It was a great pity at that time that we did not take our time, so to speak, that we did not wait to see how this change to standard time all the year round would operate in Britain. We decided we would do it immediately to be in line. There were arguments for and against it in 1968. Parents of school children feared it was not in the interests of the children that they should be asked to go out in the dark in the morning. That argument was echoed here in the House and the Minister at the time said that if it turned out there were grave objections by parents we could have a little change in the school hours, but we know that despite efforts to get the school hours changed they were not changed.

One significant factor is that in so far as accidents are concerned the change over to summer time in the winter did not lead to an increase in the accident rate during the hours of darkness in the mornings.
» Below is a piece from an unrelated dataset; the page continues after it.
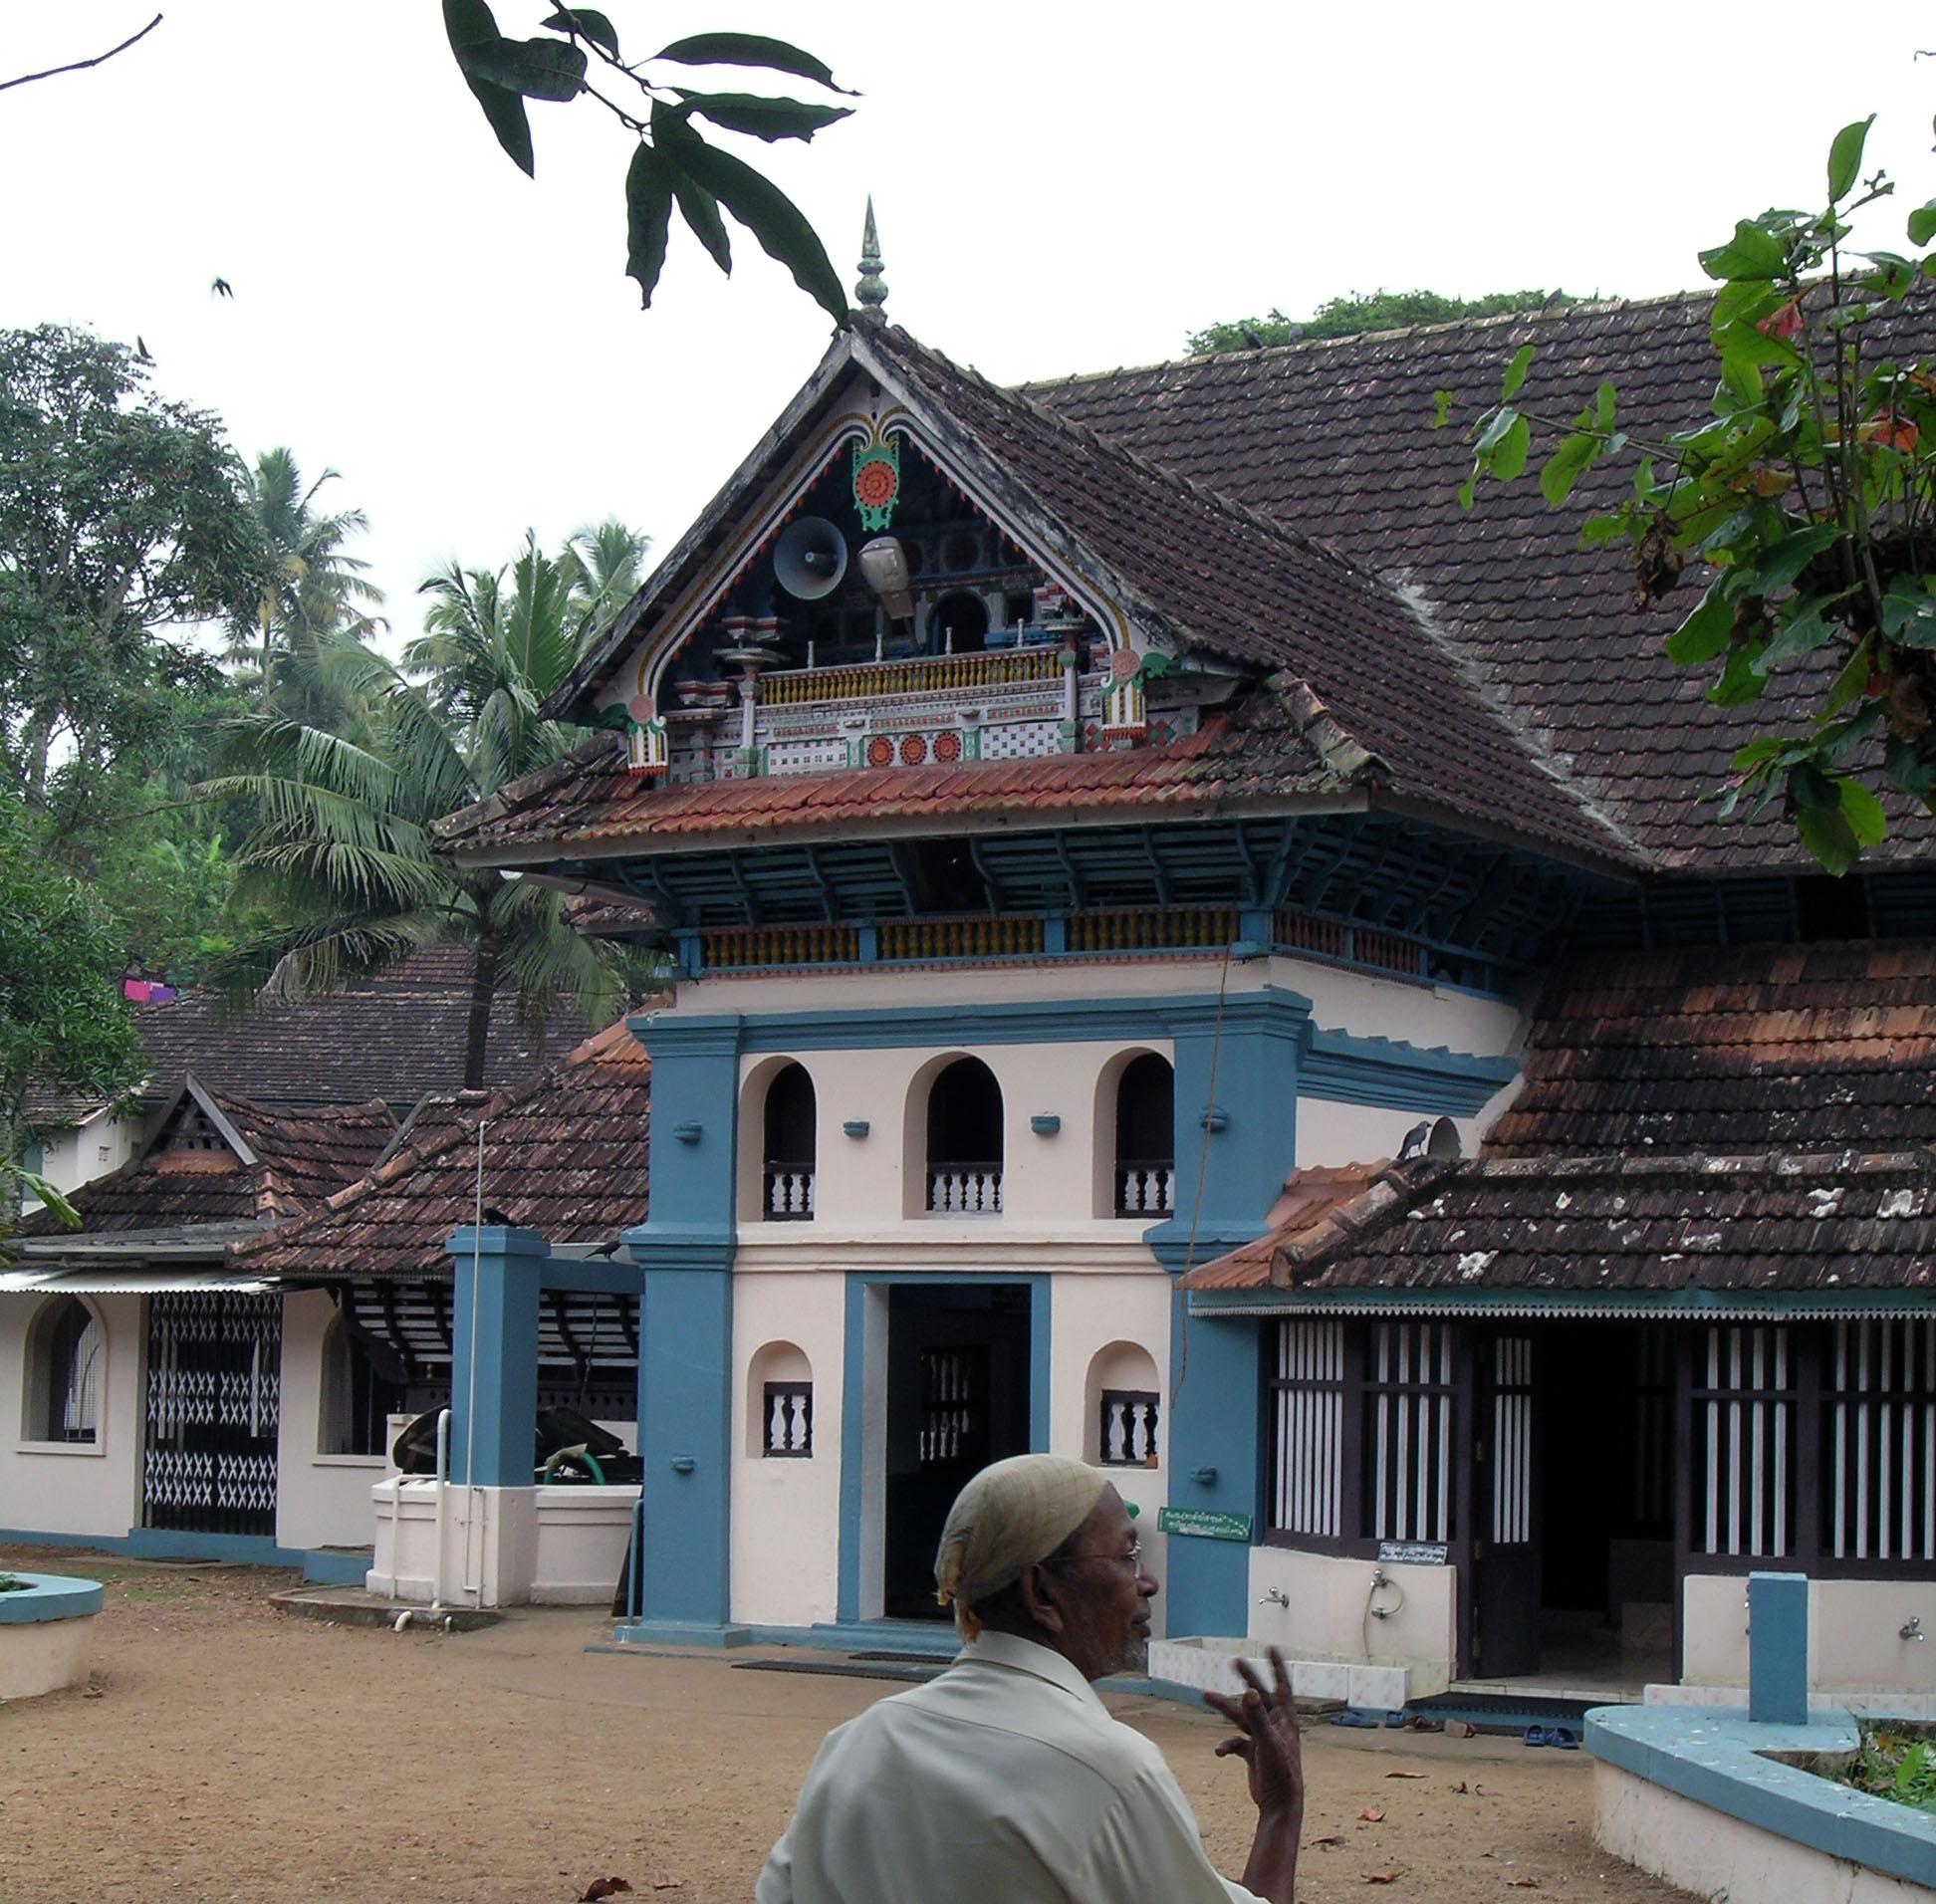 Top-rated Attraction in Kumarakom-Thazhathangadi Valiapalli

In an October, 1969 publication, An Foras Forbartha stated:

The results of the analysis of traffic accidents do not indicate that the change to standard time has had a detrimental effect on traffic accident occurence, at least during the period 1st January to 17th February, 1969. On the contrary, there is evidence that the changeover has had a beneficial effect.

On page 15 the publication states:

There is no evidence to suggest that the number of child casualties increased as a result of the change to standard time. Children killed or injured on their way to school would have been reflected in the figures at Table IV for the period 7 a.m. to 10 p.m. These figures show a decrease in casualties from 19 in the period before to 11 in the period after.

It is probably fair to say that following the introduction of standard time in winter in 1969 more precautions are taken by parents. Children were encouraged to be more careful and they wore illuminated arm bands and all that sort of thing.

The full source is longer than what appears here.